Sunday 17 June 2012

In my lengthy absence...

I have seen and heard many things, most of which have strengthened my faith in the future of creative artistry and reminded me just how lucky I am.

I have experienced the controversial/semi-disturbing delights of a little film called A Clockwork Orange and loved the fuck out of it, seen the gorgeous Florence + the Machine play live at Brisbane's Riverstage with my younger cousin who was then experiencing her first ever live concert, gone on a spontaneous road trip to Dalby with family friends to wade through mud and see Matt Corby at a rather wet and muddy One Night Stand hosted by triple j, finally seen Never Let Me Go and took it out of the DVD player a tad disappointed, watched Schindler's List and nearly burst into a noisy bout of sobbing,  and on Friday night went on an adventure to the Brisbane Powerhouse with aforementioned family friend and her step-sister to see a whimsical bunch of musicians who go by Pear & the Awkward Orchestra.

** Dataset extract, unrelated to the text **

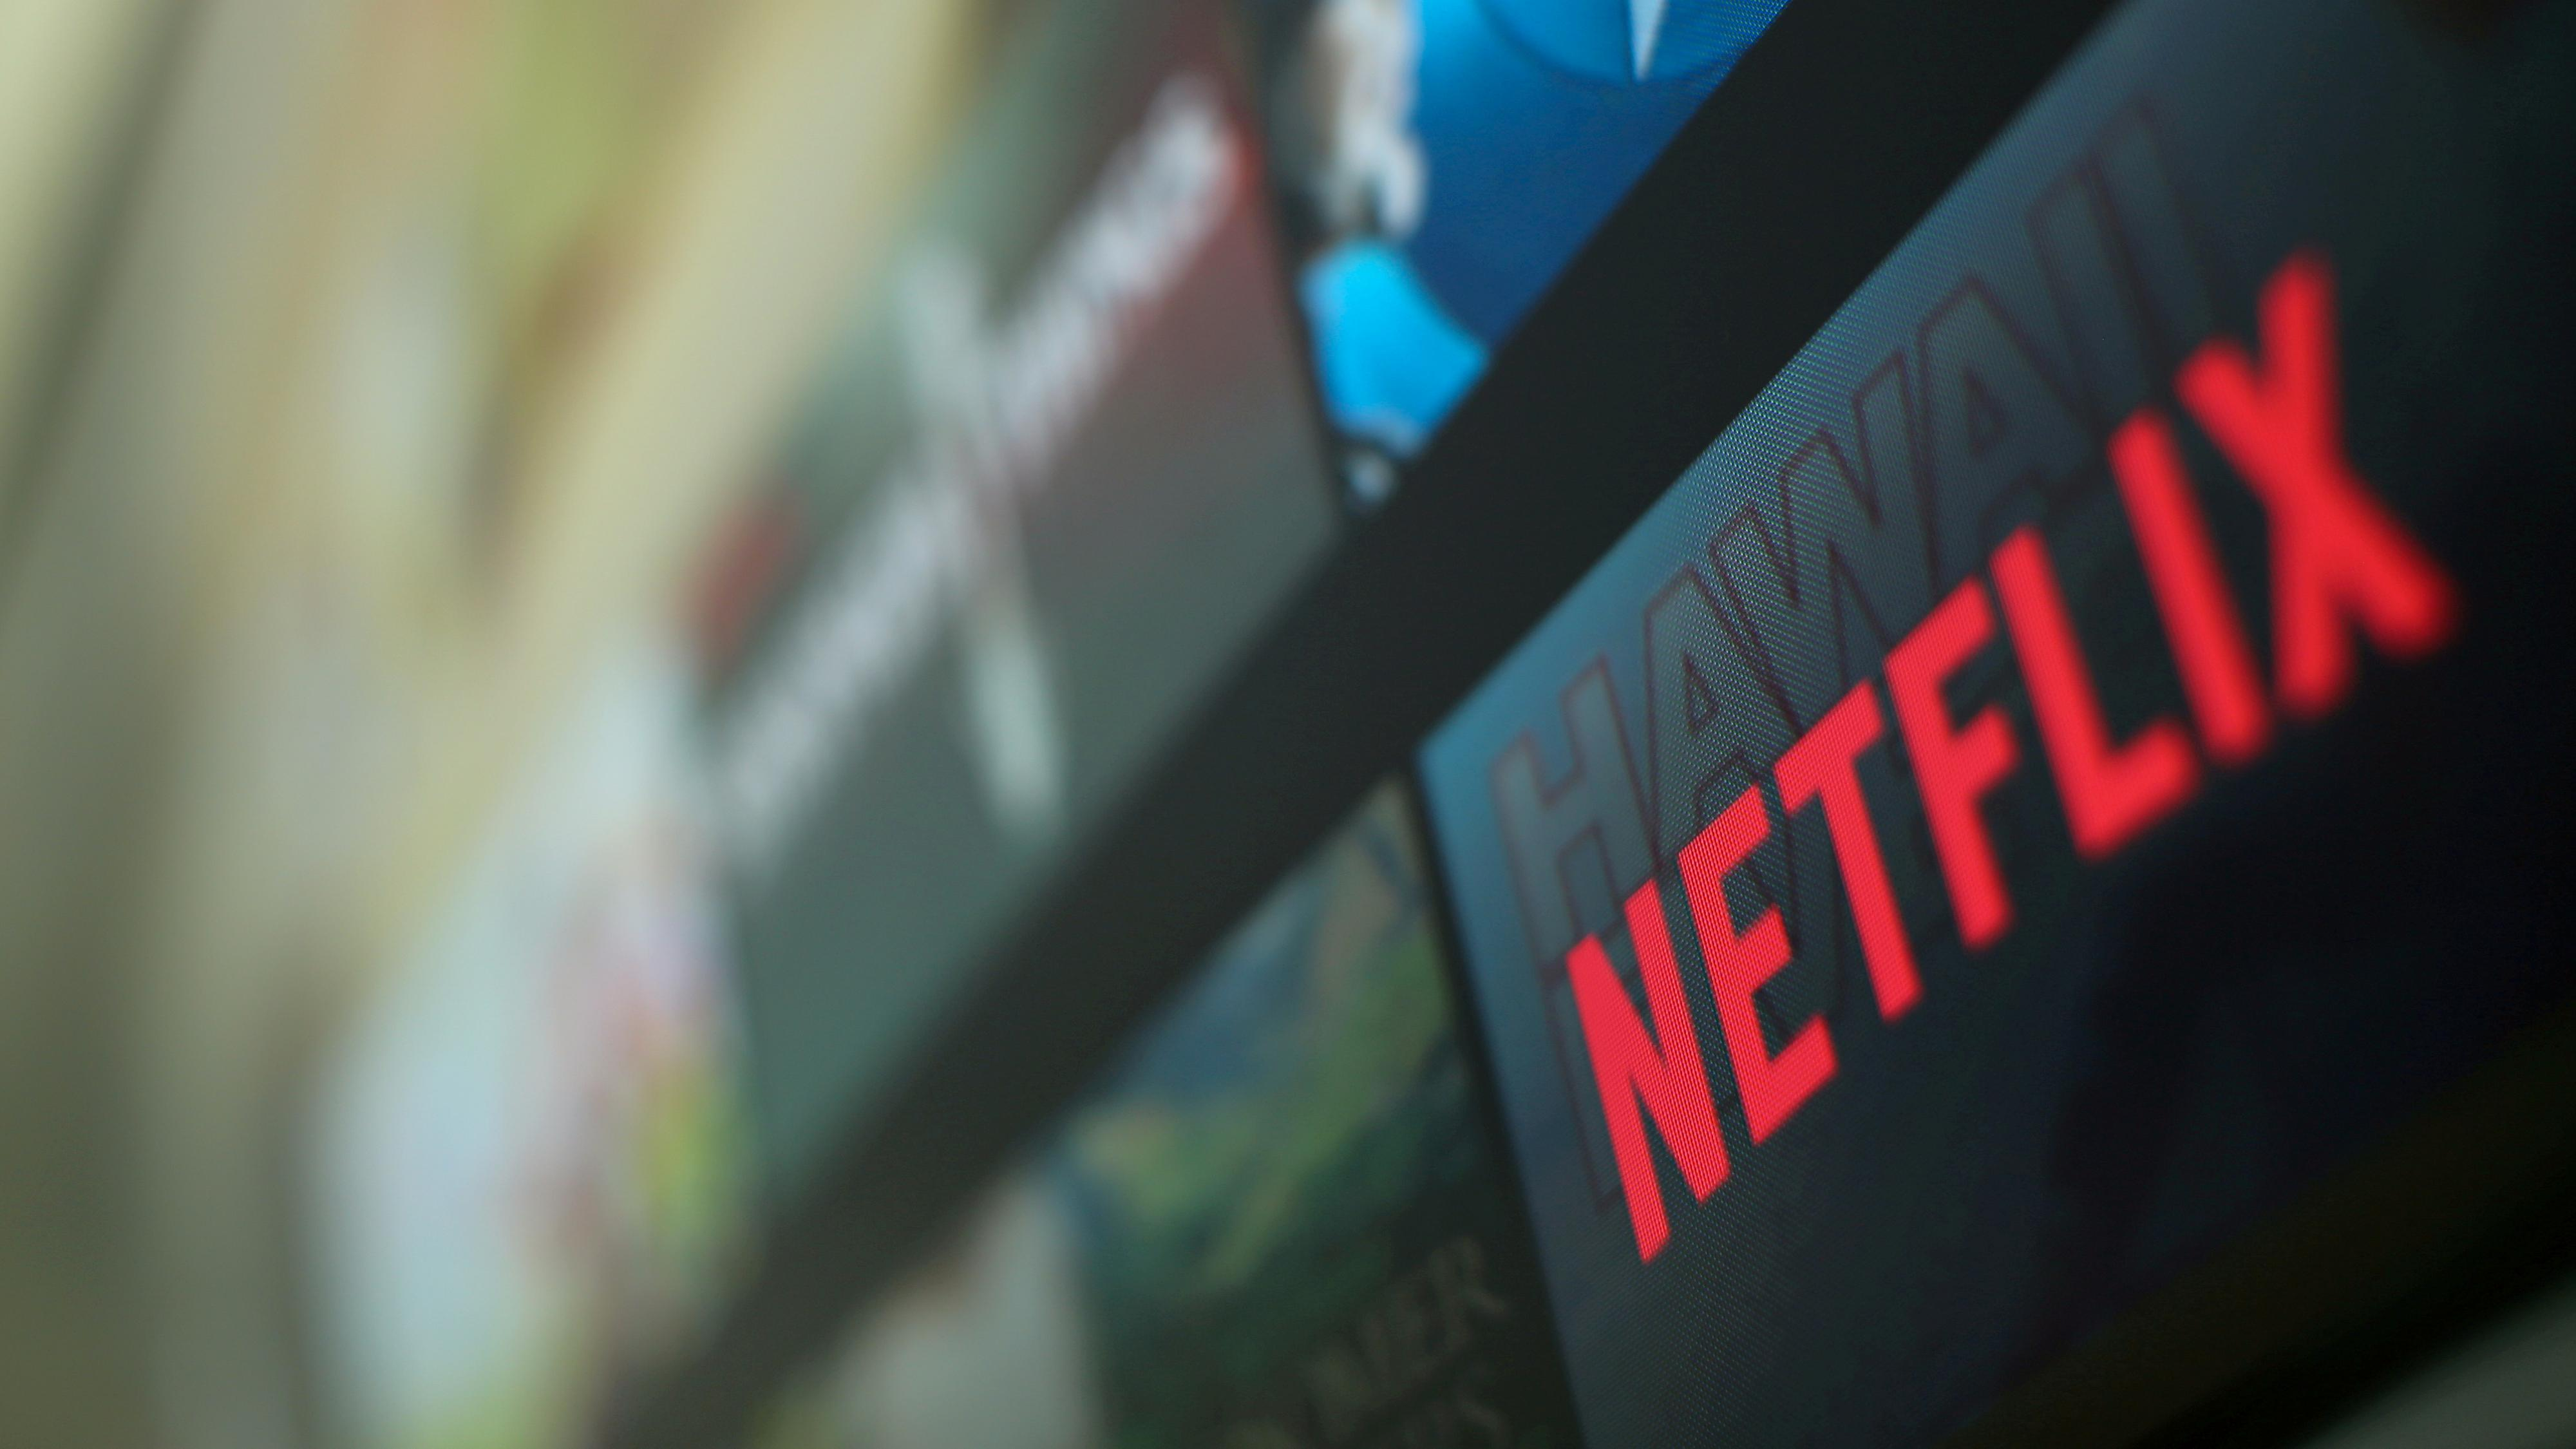 Nå skrur Netflix ned kvaliteten

I'm humbled looking at all the fantastic adventures I've just scribbled.  It seems I've been attending more live gigs and theatre of late, and I seldom think of those who might get no further than dreaming of having the opportunities I've somewhat been taking for granted.  I love the fact that I'm getting more acquainted with my own city and our rich arts culture, and along the way gaining more independence, which I'll be needing in abundance come the imminent advent of Uni next year.  I'm both proud and slightly embarrassed to say that Friday evening was the first time I'd ever caught a bus completely and utterly alone.

Also during my unannounced hiatus, I have completed the most part of my assessment for my second last semester of school for the remainder of my natural life.  All I have left is lovely, lovely Film & Television work, which can hardly be classified as work.  My senior year is dwindling fast.

I'm also in the midst of planning a novel.  Part indie and part realism, it shall be called Ezra & Alice and with any luck, shall be rather wonderful.  Sometimes when I attempt another novel, part of me thinks that perhaps the story I'm trying to write would translate better on stage or in cinematic form, but then I always think of how immediate a novel would be.  You can read it electronically or in hardcopy, and even if it's not published, it's still a story that can be immediately consumed by other humans.  A novel is independent, a stand-alone piece of art.  A film or a play require extensive resources, people and money, none of which I have at my disposal.

That's another thing: I rarely finish novels.  I went through a phase around the age of eleven or twelve where I could crank them out quite easily (by 'novels', I here mean 'nine-foolscap-page documents of pure bollocks with monstrous use of caps lock and exclamation marks').  I was having immense delusions of Jodi Picoult-like grandeur, but in actuality I was writing horrendously ill-researched sagas that blatantly plaigiarised borrowed from RENT and Kiss Me Kate.  I still have my No Business Like Show Business trilogy, about the trials and tribulations of a group of friends in a variety of different positions in the pecking order of a New York theatre company.  My ignorance about worldly things like social class, one night stands (of the non-triple j variety!), the mechanics of a theatre company and even realistic dialogue are blatantly obvious in each instalment, I cringe to read them now.  Then there's the cover artwork, drawn by yours truly, that sees the grim-looking, semi-poverty-stricken-despite-their-respectable-career characters standing in a formation not unlike that of 'Seasons of Love' in RENT.  Shit, I was one clueless loner of a pre-teen.

All that aside, Ezra & Alice is about a teenage boy (the aforementioned Ezra) who loses the use of his legs after being struck with stage scaffolding in his school auditorium.  Upon moving schools, he is antisocial and content to wallow in despair.  He meets the forward, enigmatic Alice, who pulls him out of his funk and rekindles his lust for life.  She also ignites a lust of the literal kind, forcing Ezra to think a little harder about his disability than he has had to in a while.

Watch this space for more on this little project.  I'm determined to finish this bitch.  The upcoming winter holidays should be instrumental for making significant progress.  Also for trips to the city and tea parties.